Online activities of an individual, such as browsing webpages, making ecommerce purchases, and viewing short-form videos can provide insight into the interests and preferences of that individual. However, as most everyone also has a component of his/her life that is not performed online, online activities alone may not enable a comprehensive assessment of individual preferences. Disclosed embodiments also consider non-online activities, referred to as “offline” activities, along with the online activities, enabling a more complete assessment of individual preferences. In embodiments, a multi-dimensional user-specific vector is used as a representation of the combined online and offline activities and/or user actions.

The multi-dimensional vectors used with disclosed embodiments can include data on user behaviors and actions. The behaviors and actions can include video viewing history. The behaviors and actions can include activity at one or more brick-and-mortar establishments. Combining online and “offline” (brick and mortar) behaviors and activities can serve to create a more complete profile of a user, which can be used as guidance for dissemination of short-form video content to enhance product promotion, as well as other actions. The multi-dimensional vectors can include tuples of information. The information can include online actions, such as viewing history, posting history, browsing history, and the like. The information can include “offline” actions. Offline actions refer to actions performed outside of the Internet. The offline actions can include visiting a retail (brick and mortar) establishment, purchasing goods and/or services at a retail establishment, and the like.

The combining of online actions and offline actions into a multi-dimensional vector provides a comprehensive numerical representation of consumer behavior. The clustering techniques can include Centroid-based Clustering, Hierarchical Clustering, Distribution-based Clustering, Density-based Clustering, and/or other suitable clustering techniques. The multi-dimensional vectors from different users can be analyzed using clustering techniques. The clustering techniques can be used to identify users that are similar to each other. Once clusters are established, and a new multi-dimensional vector becomes available, a cluster analysis can be applied to determine which cluster most closely matches the attributes of the multi-dimensional vector. Short-form videos can be associated with different clusters, such that upon analyzing the multi-dimensional vector associated with a user, short-form videos associated with clusters that match or correlate to the multi-dimensional vector can be disseminated to that user.

FIG. 1 is a flow diagram 100 for cluster-based content with multi-dimensional vectors.

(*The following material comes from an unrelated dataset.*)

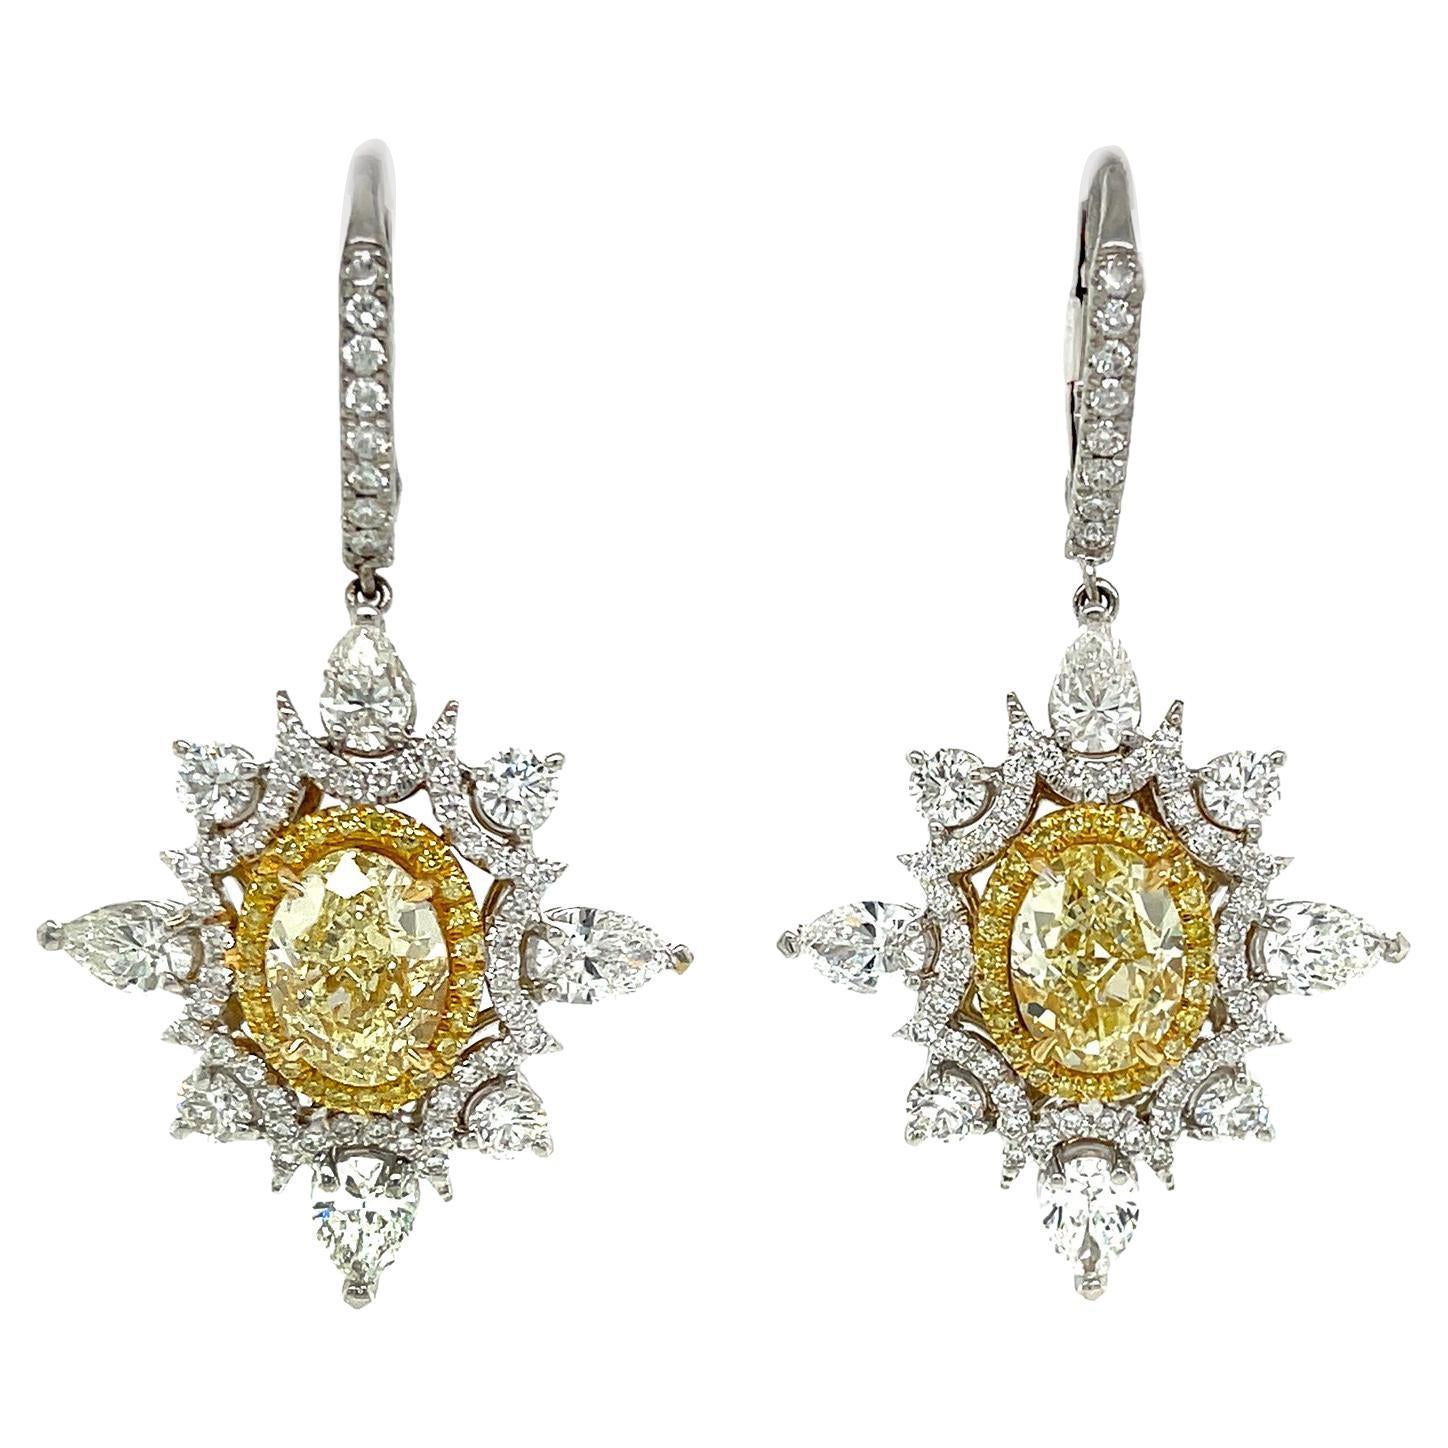 4 Carat Fancy Light Yellow Diamond Drop Earrings, Gia Certified IF, in 18k Gold. For Sale

The flow includes accessing user-specific data vectors 110. The user-specific data vectors can include metadata. The metadata can include a username and account number, as well as demographic information such as age, income range, etc. The user-specific data vectors can include shopping history 112. The shopping history can include online shopping history. The shopping history can include visits and/or purchases at retail (brick and mortar) establishments, referred to in this disclosure as “offline” shopping. The user-specific data vectors can include a dwell factor. The dwell factor is a metric of how long a user stays at a retail store or stays on an ecommerce webpage. The dwell factor can be an indicator of interest. As an example, a user that spends an hour in a cosmetic store may have a stronger interest in cosmetics than a second user that spends five minutes in a cosmetic store. The user-specific data vectors can include video consumption behavior 114. The video consumption behavior can include the channels the user typically views; the programs they typically view; the subject matter they typically view; the duration they typically view; the amount of pausing, fast forwarding, and rewinding they typically perform; and so on.

The flow includes developing clusters 120. The clusters can be developed via Centroid-based Clustering, Hierarchical Clustering, Distribution-based Clustering, Density-based Clustering, and/or other suitable clustering techniques. In some embodiments, the clustering is accomplished by machine learning 122. In some embodiments, K-means clustering is used to perform the clustering. In some embodiments, supervised machine learning is used. Embodiments can include training a machine learning model 124. The training can include weighting 128. The weighting can include weighting shopping history and/or video consumption behaviors. The weighting can include adjusting coefficients that affect scores or metrics that are computed based on shopping history and/or video consumption history. As an example, if a user views many videos on bicycles, a weighting may be increased for shopping history relevant to bicycles. The weighting can accelerate clustering, by emphasizing important behaviors and activities, while deemphasizing less important behaviors and activities.

The training can include hints 126. The hints can include additional information provided to a machine learning system for training purposes. The hints can include monotonicity hints, symmetry hints, and others. The hints can be used to guide machine learning systems towards more correct outputs by inferring knowledge of trends. As an example, a hint can be used to indicate, to a machine learning system, that an impending snowstorm affects consumer behavior in particular ways, such as purchasing snack food, an increase in online video streaming, and so on. The hints can accelerate the training of a machine learning system such that it can make more efficient use of user-specific vector data.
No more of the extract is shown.